I'd love to do what you do.

And that started a relationship that is now thirty years strong.

Was that your first client.

He was the first person that kind of entrusted us to build a car for him and to load it in a trailer and take him racing.

Wow, wait, how old were you then?

I was nineteen nineteen.

So does he still have that car build?

He doesn't have that car anymore, but another one of my clients owns it in Sweden.

So that's considered the first rod Emory Porsche build.

Well, my fifty three, the car that I built for myself, is really for a client, for a client. That's the first one that was built that I like, you know, maintained and hoarded all that.

That is a truly special aspect of the car community. To know where that car is and to be in touch with a new owner. On that note, do you still have the car you built for yourself, the fifty three three fifty six?

No?

Oh, I know, that's a whole nother story. That's a great story though.
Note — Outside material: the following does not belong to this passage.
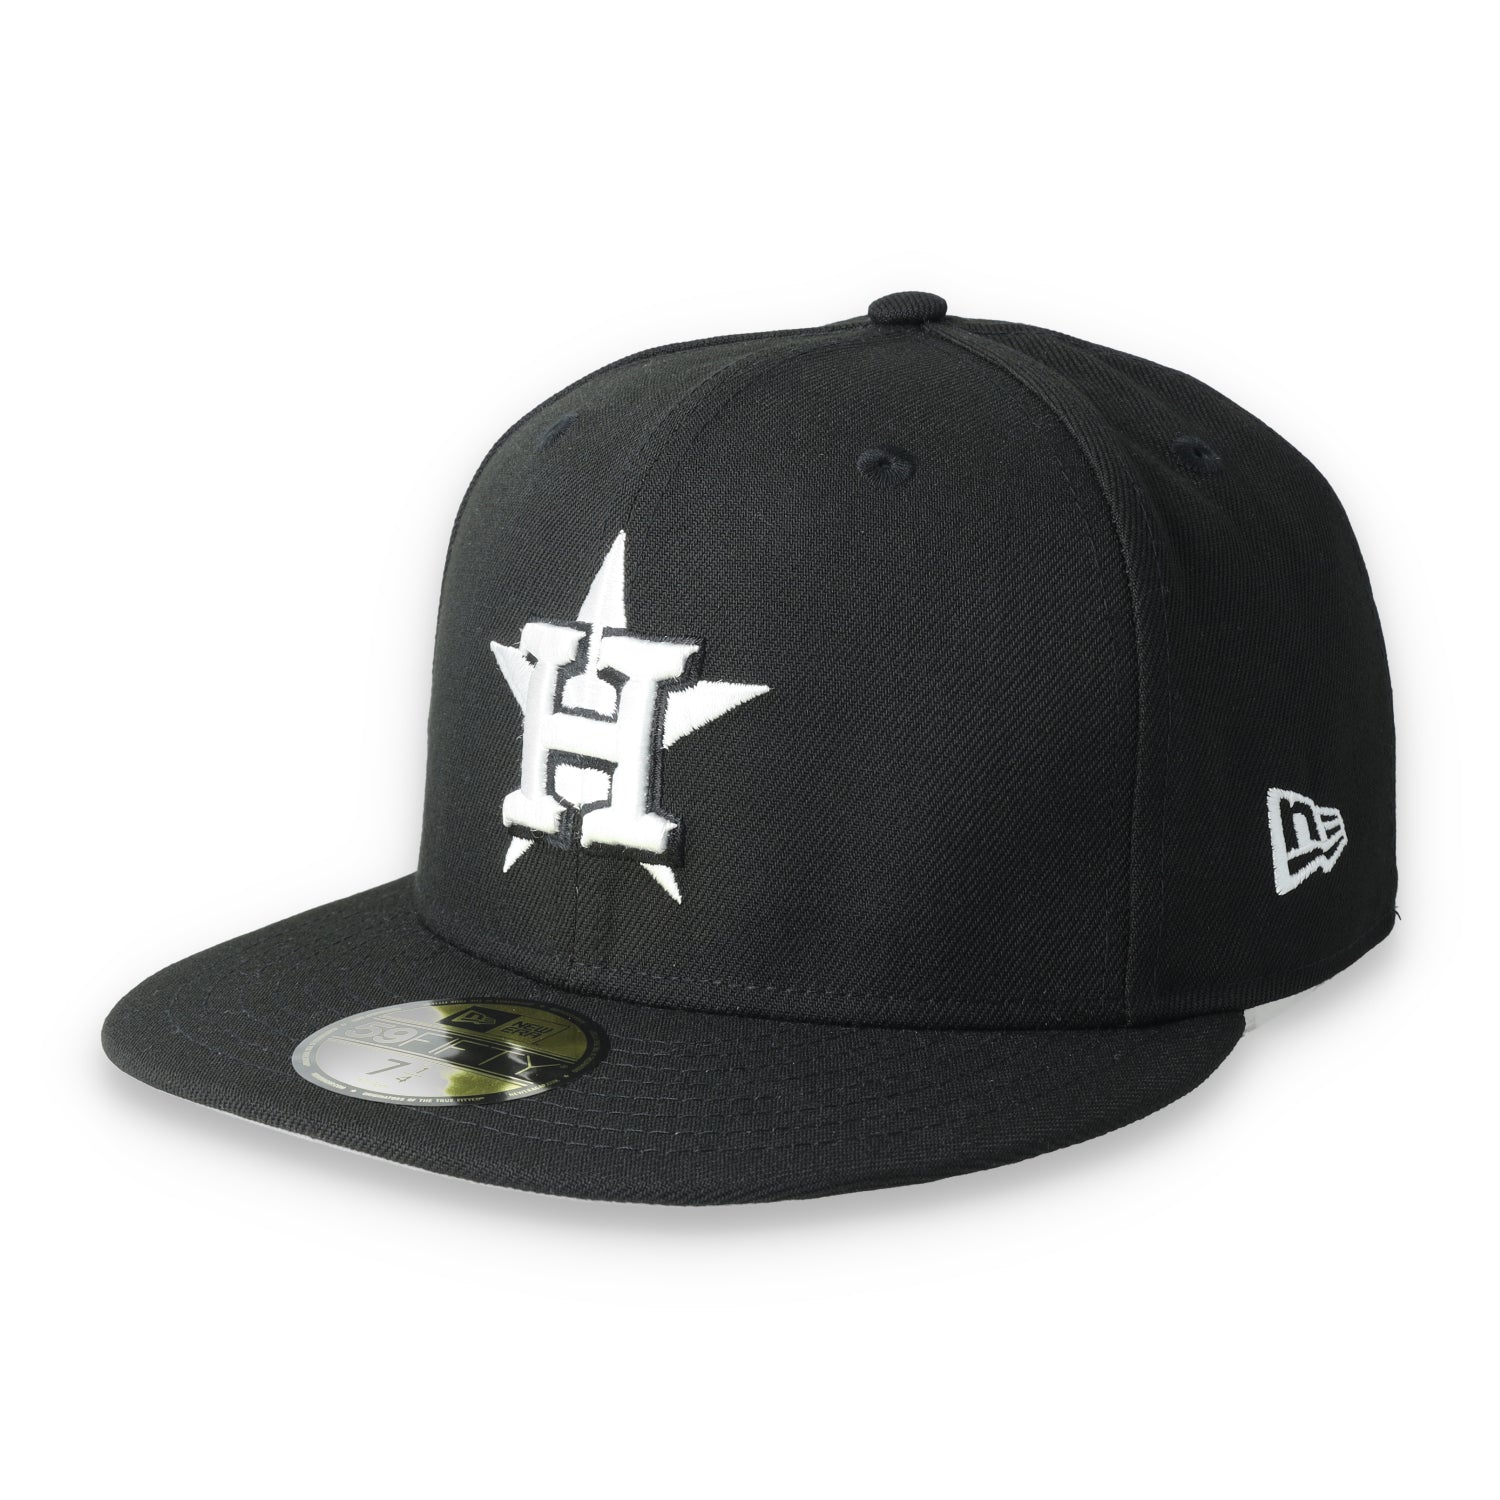 New Era Houston Astros Side Patch 2017 World Series 59FIFTY Hat-Black/White

That's all right, Yeah, you hear it out.

So the vintage racing stuff continued. Just people from all different walks of life would come to me and you know, want to go vintage racing, and so I build cars for them and take them racing. And so that was the business. And I was racing with them and against them in my little fifty three portie. But our clients wanted to also go experience the higher level side of racing. So we put up program together and ran a new GT three in the what was then called the Rolex now it's the EMS series. And I was one of the drivers and my co driver was an amputee. He was a guy that I raced motocross with when I was a kid, but he had lost his leg racing motocross and he didn't have any insurance when he lost his leg, and his soul was crushed and so hospital.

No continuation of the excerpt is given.